Потому что он человек молодой, работящий, торопится всегда, ну и шагает сразу через две ступеньки.
— Вот видишь, какое дело получается, — закончил неожиданно Богдан свою сказочку. — Поди-ка сосчитай, сколько ступенек!
Артем засмеялся:
— Верно, как тут считать?
— А чего считать! — сказал Богдан. — Лифт надо, вот и считать не придется.
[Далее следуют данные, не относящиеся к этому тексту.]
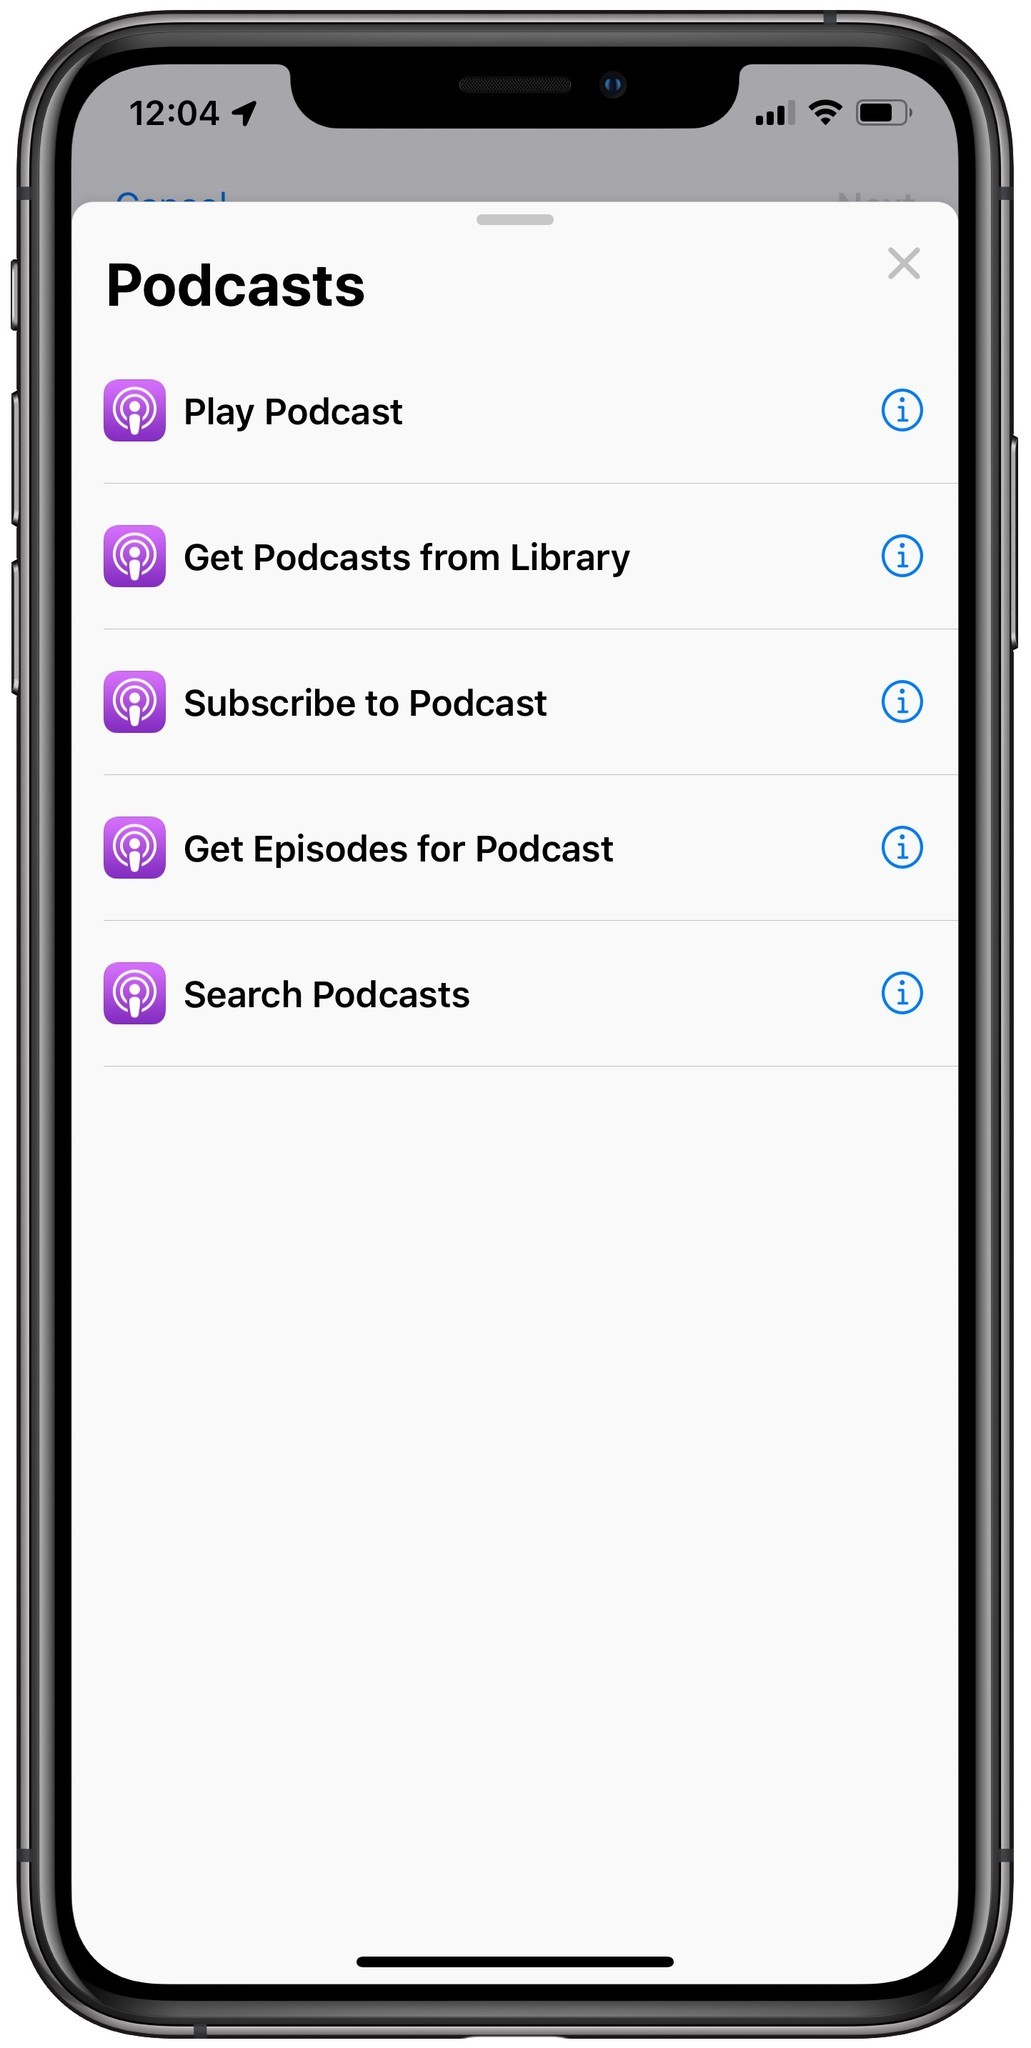 Screenshot showing new Podcast actions available for Shortcuts in iOS 13, including Play Podcast, Get Podcasts from Library, Subscribe to Podcast, Get Episodes for Podcast, and Search Podcasts.
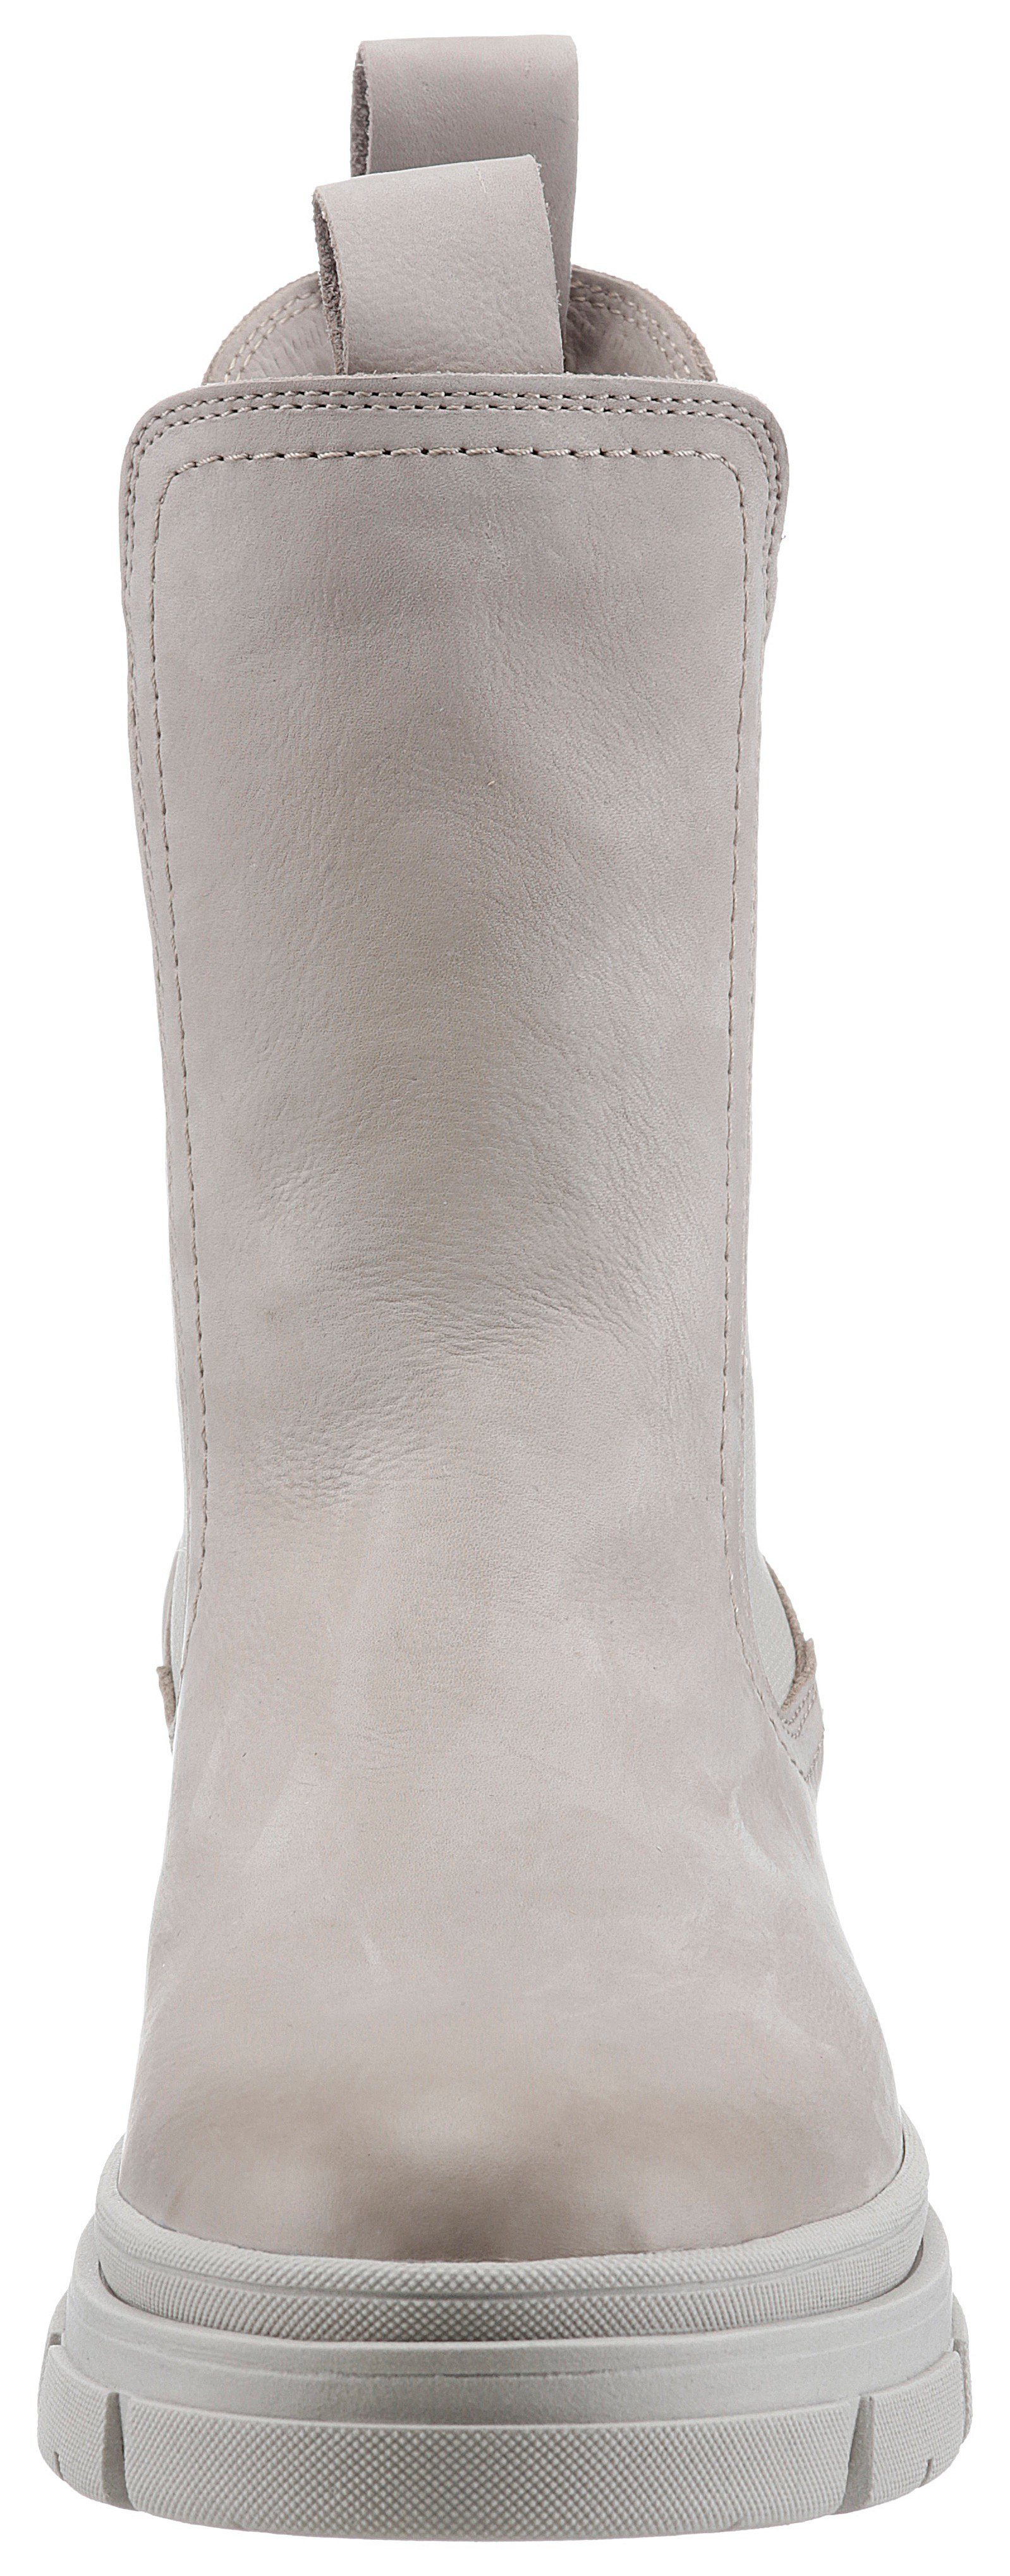 Tamaris Chelseaboots bequemer taupe Form in

Техника при наших условиях общую жизнь поднимает на высокий уровень. И спорам конец. Ну, я уж дома. Дорогу найдешь?.. Бывай жив!
— В час добрый, — пожелал Артем и не спеша, вдыхая вечернюю свежесть, двинулся к общежитию, где они остановились временно с Пьером. За углом он столкнулся с какой-то странной парой. Худощавый, разбитной и долговязый парень почти волок на плече своем очень сильно выпившего человека и все о чем-то уговаривал его. А тот только отмахивался, невнятно бормотал, силясь высвободить руку. Артем осветил встречных мощным, похожим на булаву электрическим фонарем. И сразу узнал Тараса Андреевича Гранина. Около него увивался тот парень, что еще днем возле базара приставал к Артему с вопросами насчет «мони» и сигарет.
— Погоди, малый. Это ты куда его волокешь? — спросил Артем, не сводя с них луча.
Махан, жмурясь от света, стал финтить. Дескать, не может он бросить человека, коли тот вовсе не в себе. Стало ясно из разговора, что Махан ведет шофера просто куда-то в темный переулок и собирается, видно, отнять у него получку, которой похвастался в Подкукуевке пьяный. Шофер и сейчас все вынимал из-за борта кожанки и норовил переложить в другой карман пачку денег. Не требовалось особой сообразительности, чтобы понять, к чему клонится дело. Артем медленно сжал свой пудовый кулак и, для убедительности еще подсветив его, поводил им перед физиономией Махана. Тот отпустил спутника, отпихиваясь ладонями от кулака Артема, ворча под нос:
— Ну, ты не очень… интурист! Размахался у носа. И подлиньше тебя были, да укорачивали… Чего ты, чего ты?.. Он на мои гулял. Я ему литр цельный поставил. Что же, получить сполна не имею права? Вали обратно, откуда приехал…
Махан, продолжая бормотать, смылся в темноту. В то же мгновение из-за угла показалась едва различимая в темноте маленькая фигурка. Артем посветил фонариком. То был Сеня.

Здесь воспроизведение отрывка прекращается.